Print, from the listing below, the lines starting at the line containing "Girl standing on" and ending at the line containing "Universal 10.2 2", exactly as they stand, and print nothing else.

MATERIAL SHOWN ::
↓↓↓

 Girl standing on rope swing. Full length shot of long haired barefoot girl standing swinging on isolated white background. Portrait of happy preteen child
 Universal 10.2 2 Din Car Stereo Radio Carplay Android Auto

↑↑↑
↓↓↓

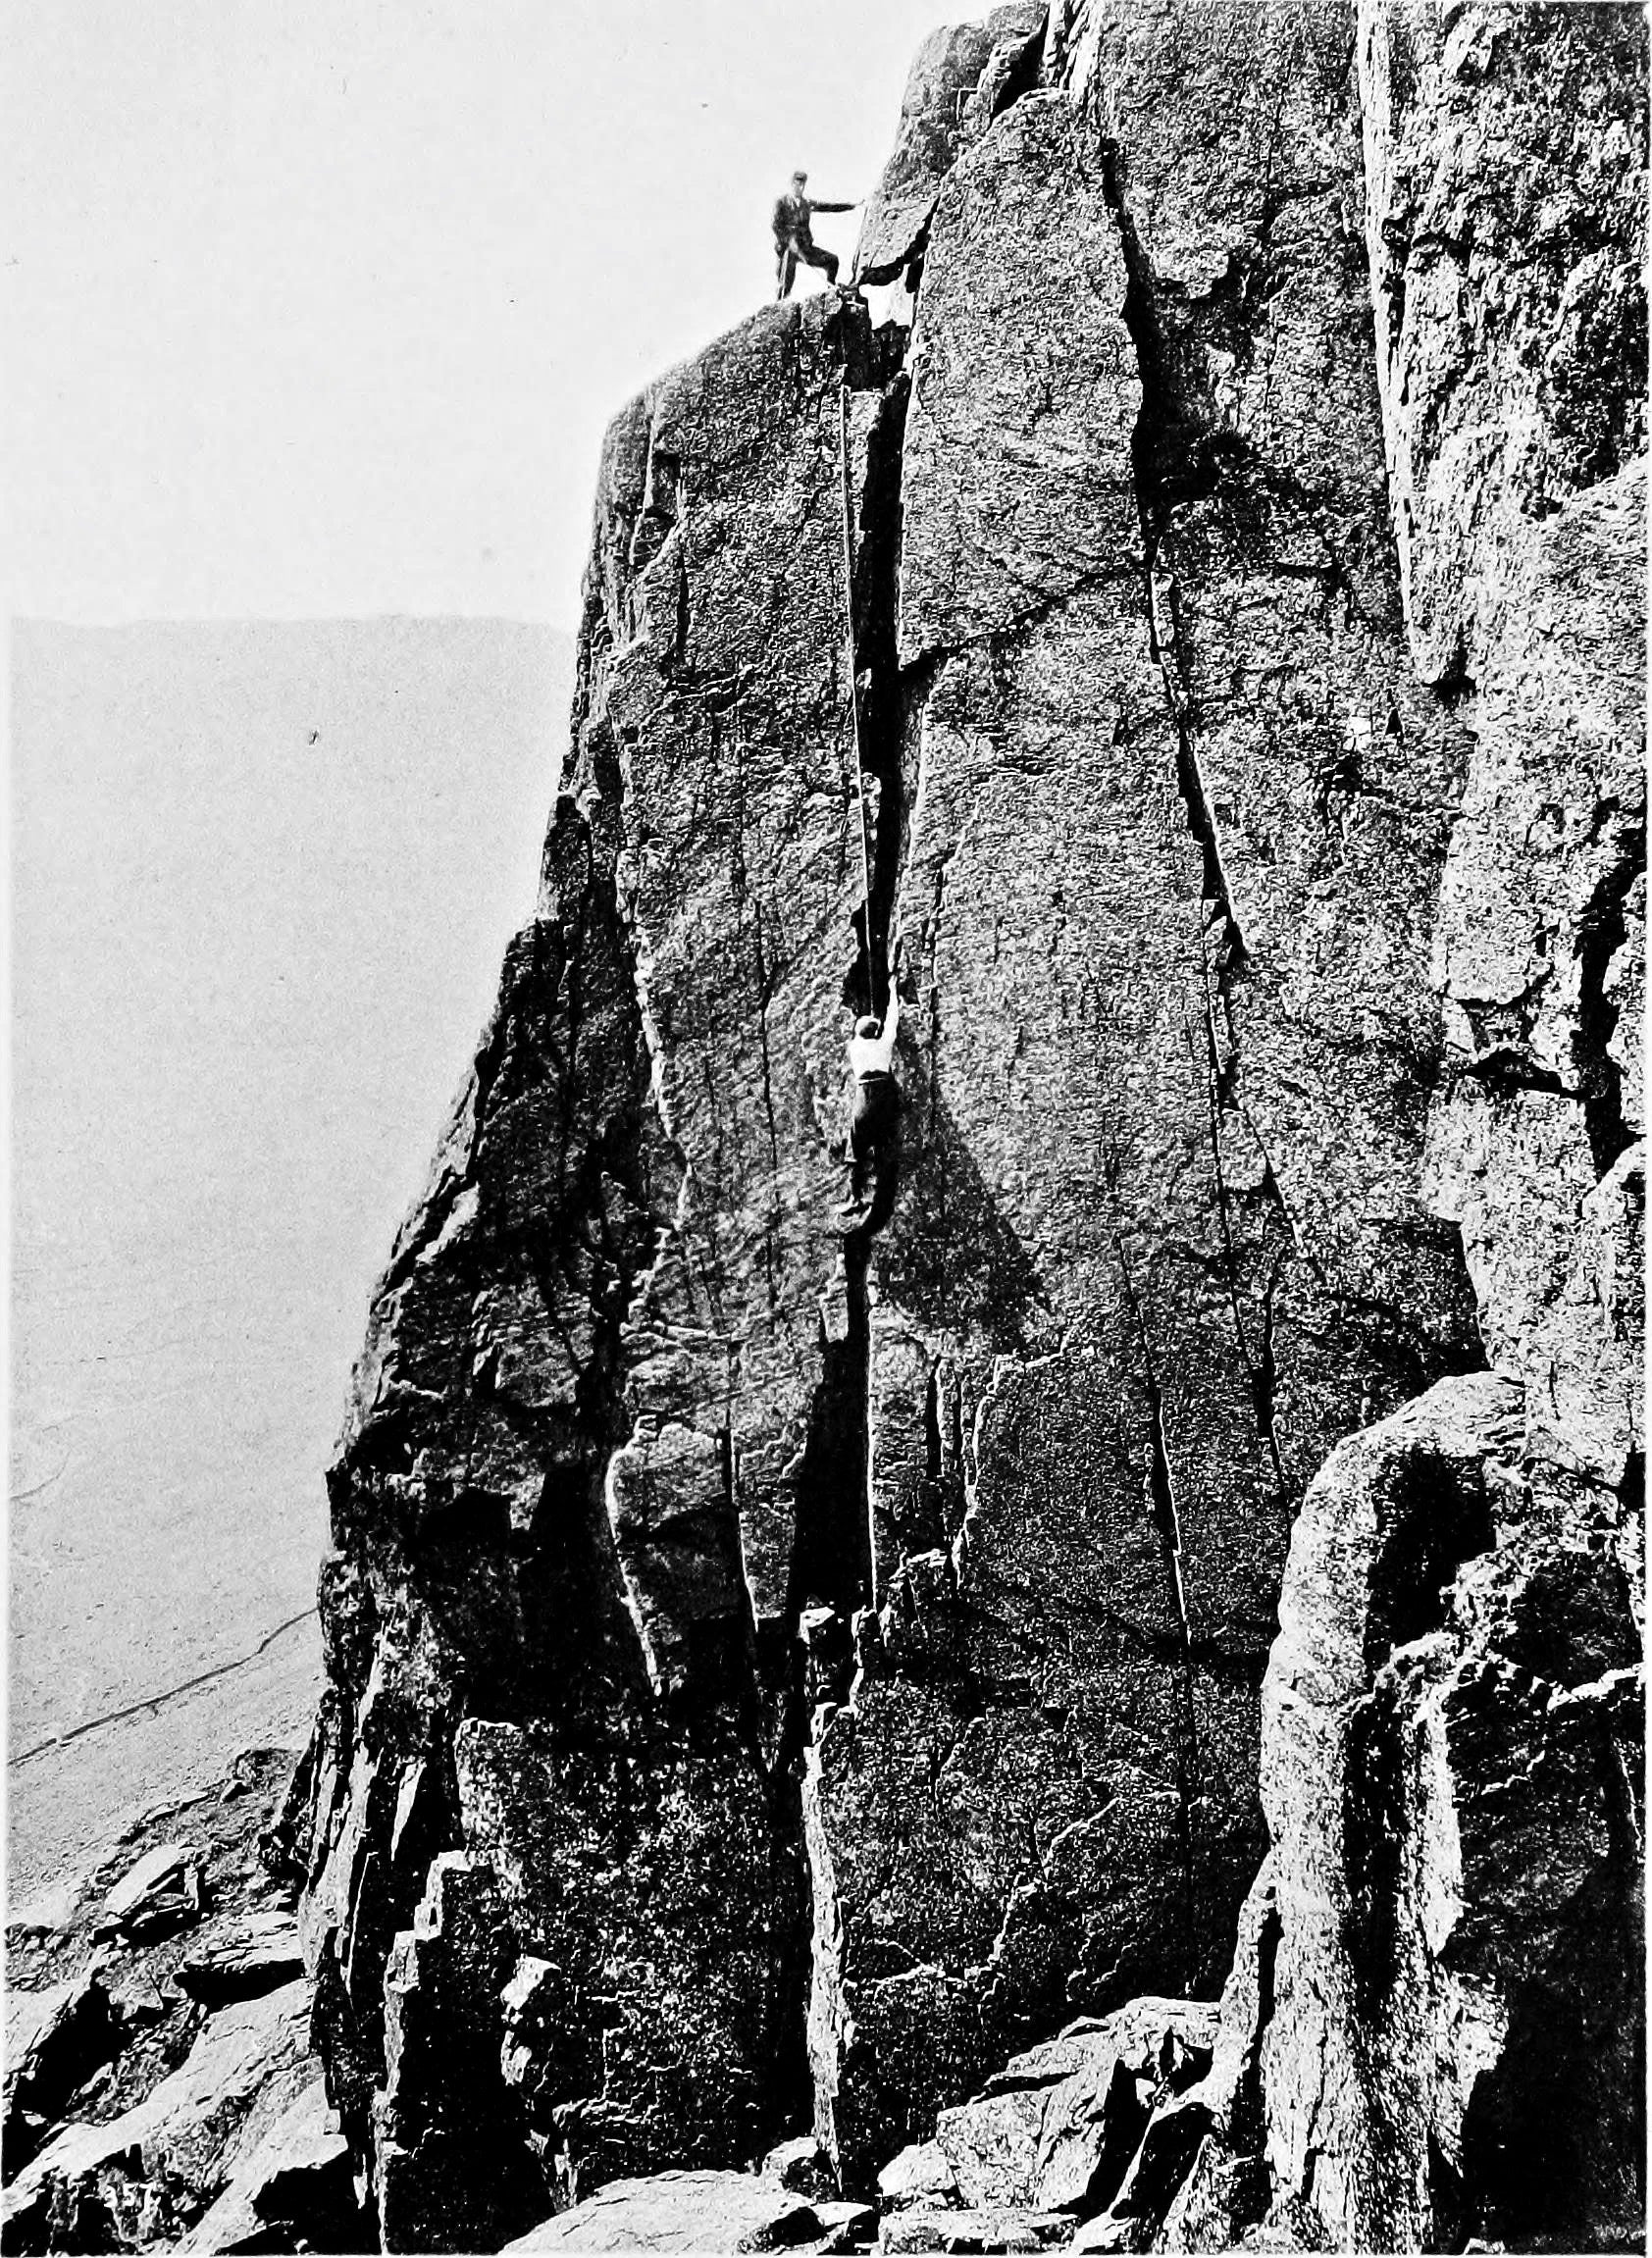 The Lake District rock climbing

↑↑↑
↓↓↓

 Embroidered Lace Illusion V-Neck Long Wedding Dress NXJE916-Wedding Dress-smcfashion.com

↑↑↑

EXPECTED ANSWER ::
 Girl standing on rope swing. Full length shot of long haired barefoot girl standing swinging on isolated white background. Portrait of happy preteen child
 Universal 10.2 2 Din Car Stereo Radio Carplay Android Auto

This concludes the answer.